Reflection for Good Friday

One of the meanings of Good Friday is that God himself, in the person of Jesus Christ, has plunged the depths of human suffering. He picked up the cup of agony and drank every last drop.

Every year in San Diego, on Good Friday, a group of Christians walks through downtown, reenacting the stations of the cross and reflecting on a different type of human suffering at each stop. This year they made a stop at our church, First Presbyterian, for the third station of the cross: when Jesus falls the first time. Here is the reflection I gave on homelessness in connection with that moment in Jesus’ journey to the cross.

Good Friday Walk with the Suffering
Jesus Falls the First Time – Homelessness

The suffering of homelessness is the suffering of alienation, social stigma, loneliness, estrangement from family, and fear of people. It’s being a victim of violence, sexual violence, and verbal abuse. It’s being unable to shake the feeling of futility that things will never change. It’s aches and pains, addictive cravings, psychological stress, hunger, and persistent insomnia. It’s being wet and shivering all night long. It’s constant, unrelenting vigilance about the safety of your belongings and your own body. It’s mind-numbing boredom. It’s PTSD, anxiety, depression, schizophrenia, and substance abuse disorder, all at the same time, and maybe with some diabetes, heart disease, Hepatitis C or HIV/AIDS thrown in. It’s falling down and feeling like you can’t get up.
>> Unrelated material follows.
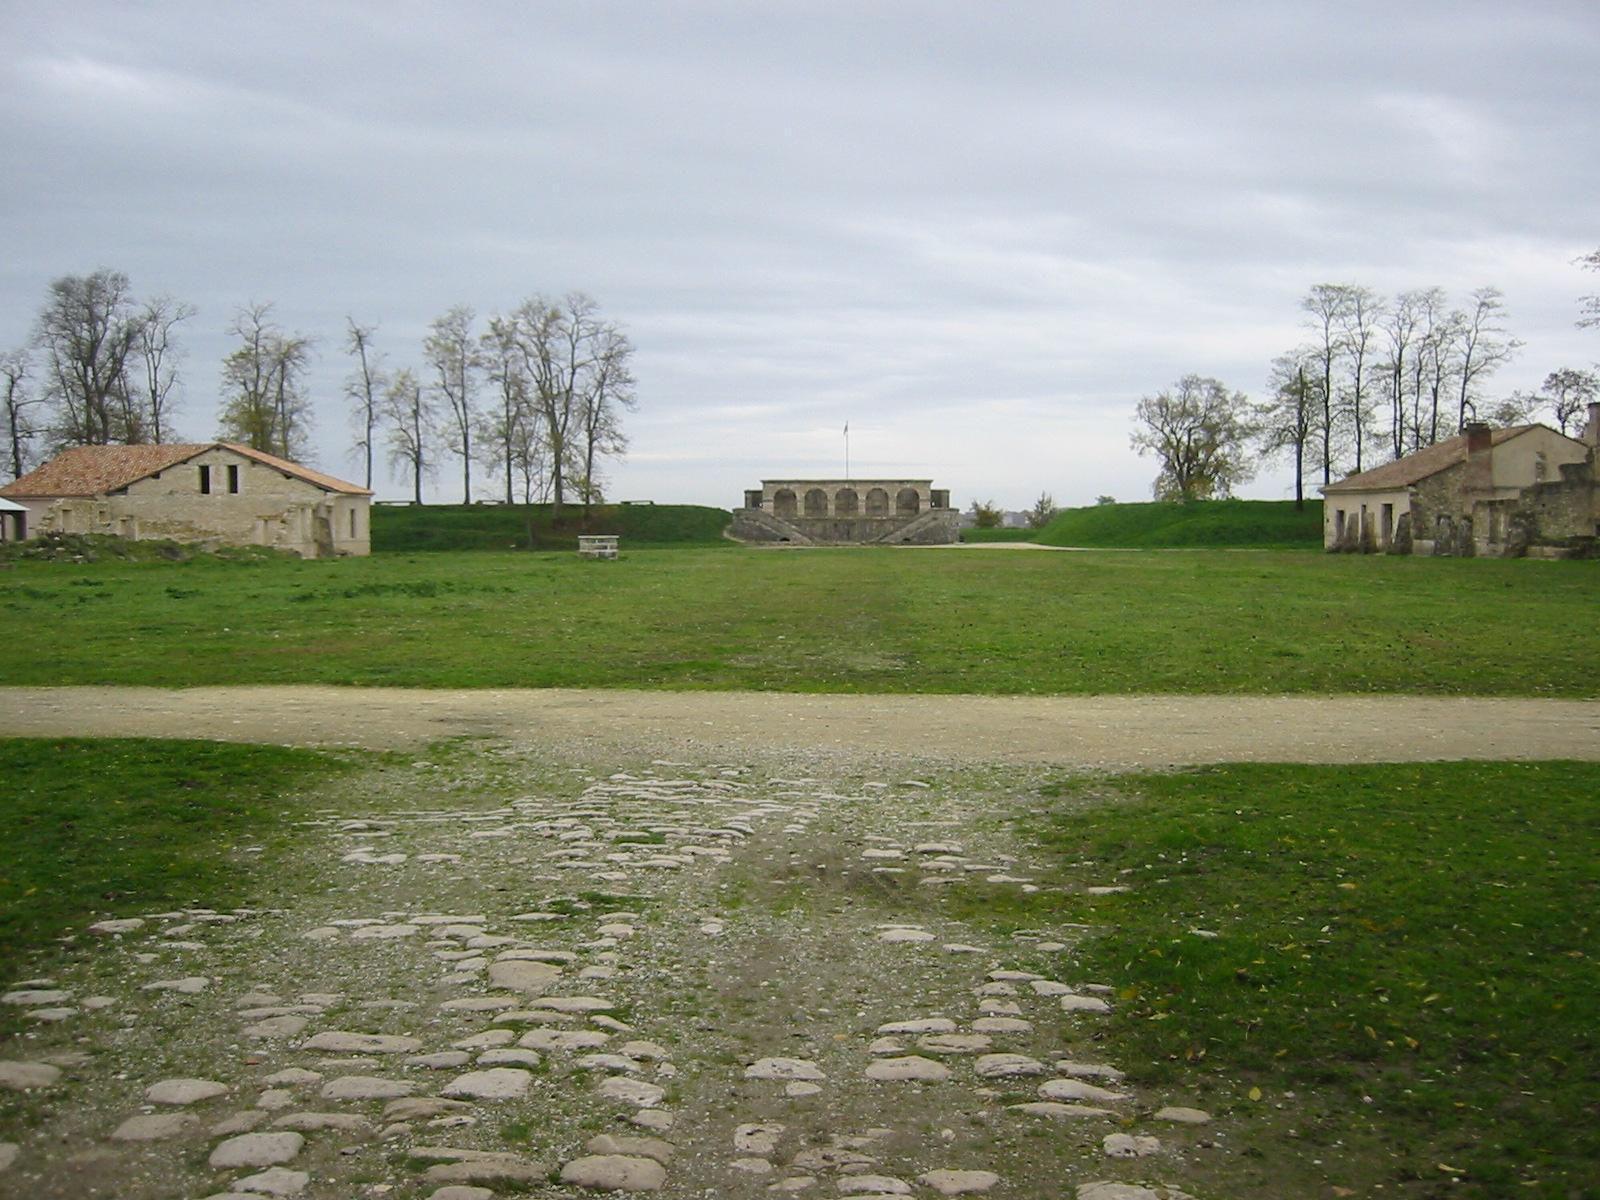 Image : Cussac-Fort-médoc
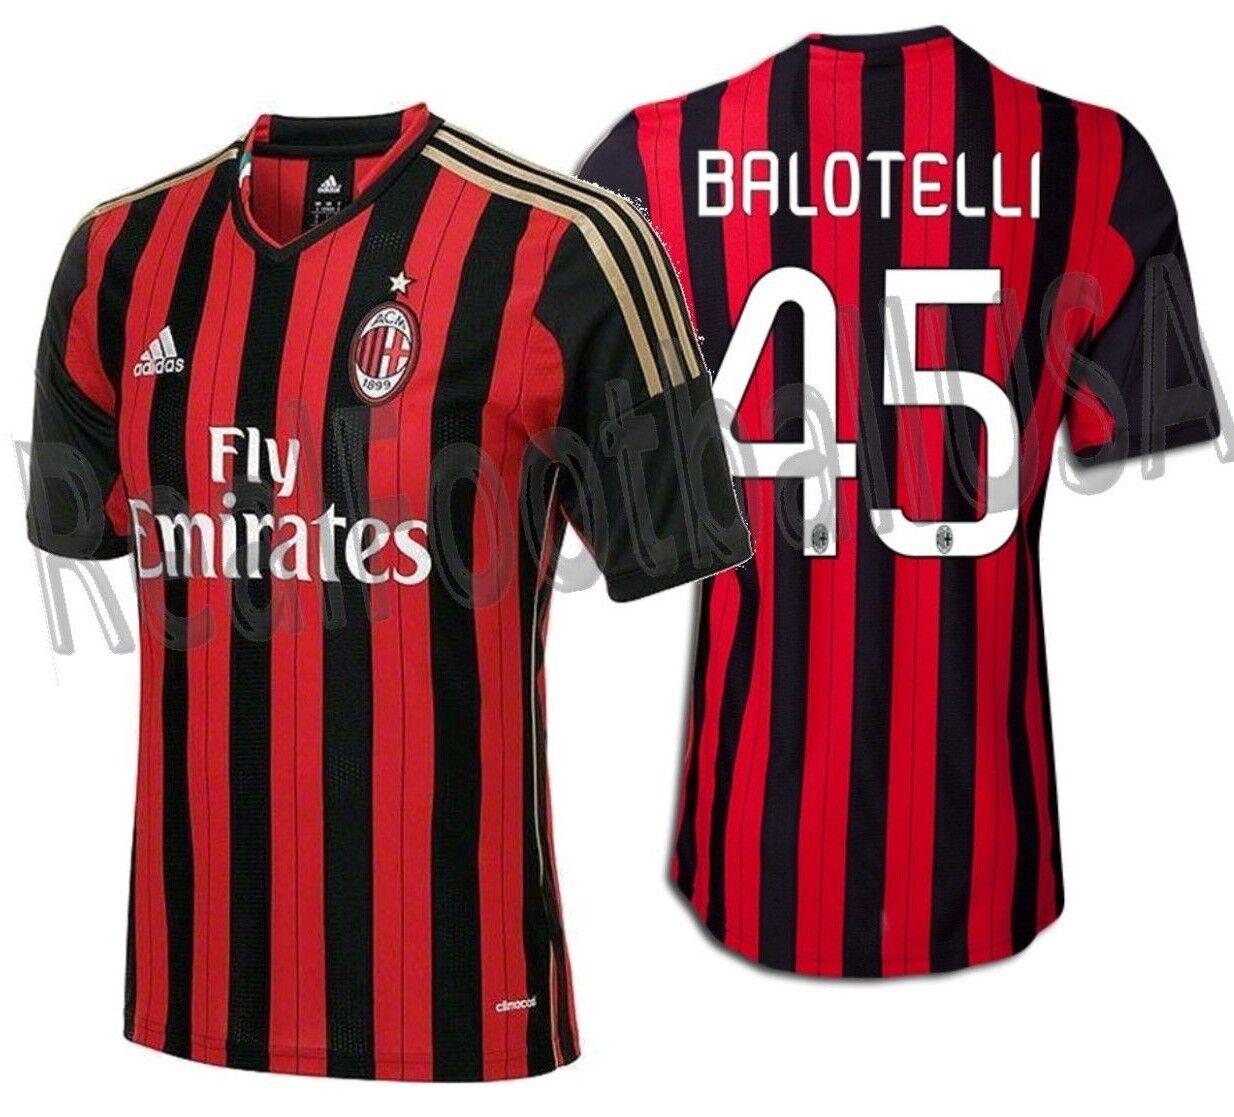 Adidas Mario Balotelli Ac Milan Home Jersey 2013 14

Homeless people are extremely diverse. I’ve met pastors, rabbis, scholars, business owners, and engineers who have ended up on the streets. I’ve also met men who have been gang members since childhood, and women who have been sold for sex for just as long. They all share at least one thing: the belief that their homelessness means they’re too messed up, too dysfunctional, and too broken for “society” to want them.

On Good Friday we praise God because, miracle of miracles, we—the human race—are not too messed up, dysfunctional, or broken for him to want us. In fact, he wants us so much that he suffered our dysfunction and brokenness in his own body, in order to give us his health and wholeness in return.

When we show love to the homeless, we display the love of God which searches the streets and alleys for the poor, the maimed, the crippled, and the blind, and compels them to come into his great feast (Luke 14:21-23). As lovers of God, may we humbly kneel next to those who have fallen down and gently encourage them to stand up again.

Prayer
Lord Jesus, we bring before you the suffering of the homeless. Give us the wisdom, patience, and compassion to extend kindness and friendship to the many homeless folks around us. Give guidance to our civic leaders as they face the complex and systemic issues that drive homelessness in our city. Give guidance to our churches as they care for the spiritual and physical needs of our neighbors on the streets. We pray for justice, hope, restored relationships, healed bodies and minds. We thank you for your suffering and for your amazing love for us. Amen

Looking for Purpose

B.B. is a new face at the Ladle. I first noticed him with suspicion, since I frequently saw him hanging around a woman whom I know to be particularly susceptible to manipulation and abuse. Soon, however, he approached me on behalf of that woman and shared his concerns about her safety on the streets. He wondered if there was anything we could do for her, or if he could somehow help. Many abusers claim to have noble, “protective” motives, but he was clearly not playing that game. He was genuinely worried about her. Since then he has helped remind this woman to take her diabetes medication every day, a feat which I’ve been struggling to accomplish for months.

Eventually he shared his own story with us.

He lived his whole life in Illinois. He had a desk job and saved for retirement. He had a wife and a daughter who is going to grad school soon. Then…somehow he got entangled in a financial scam which wiped out his $150K of saved retirement money and stressed his marriage to the point of divorce. Burdened with defeat, depression, and a feeling of meaninglessness, he gave up. This year he became homeless for the first time in his life at age 53, and moved to San Diego for the weather. He doesn’t drink or do drugs and has no mental health issues. He could easily blend in at my workplace, church, or family gathering. He’s just a man who hit the point of despair, with no safety net to catch him, and he hasn’t yet re-emerged.

Today, B.B. came by the church to tell me about another vulnerable woman on the streets whose safety is worrying him. He is trying to keep an eye on her as well as the other woman with diabetes. I wonder if he’s looking for a sense of purpose in all this.

Like all of us, B.B. needs his defeated imagination reawakened by the gospel of Christ, the miracle of resurrection, the reality of eternal life. He needs to know his value in God’s sight. He needs to reckon with his brokenness and confess it. He needs to be reassured by the mercy of God.

The man needs Jesus. And some friends!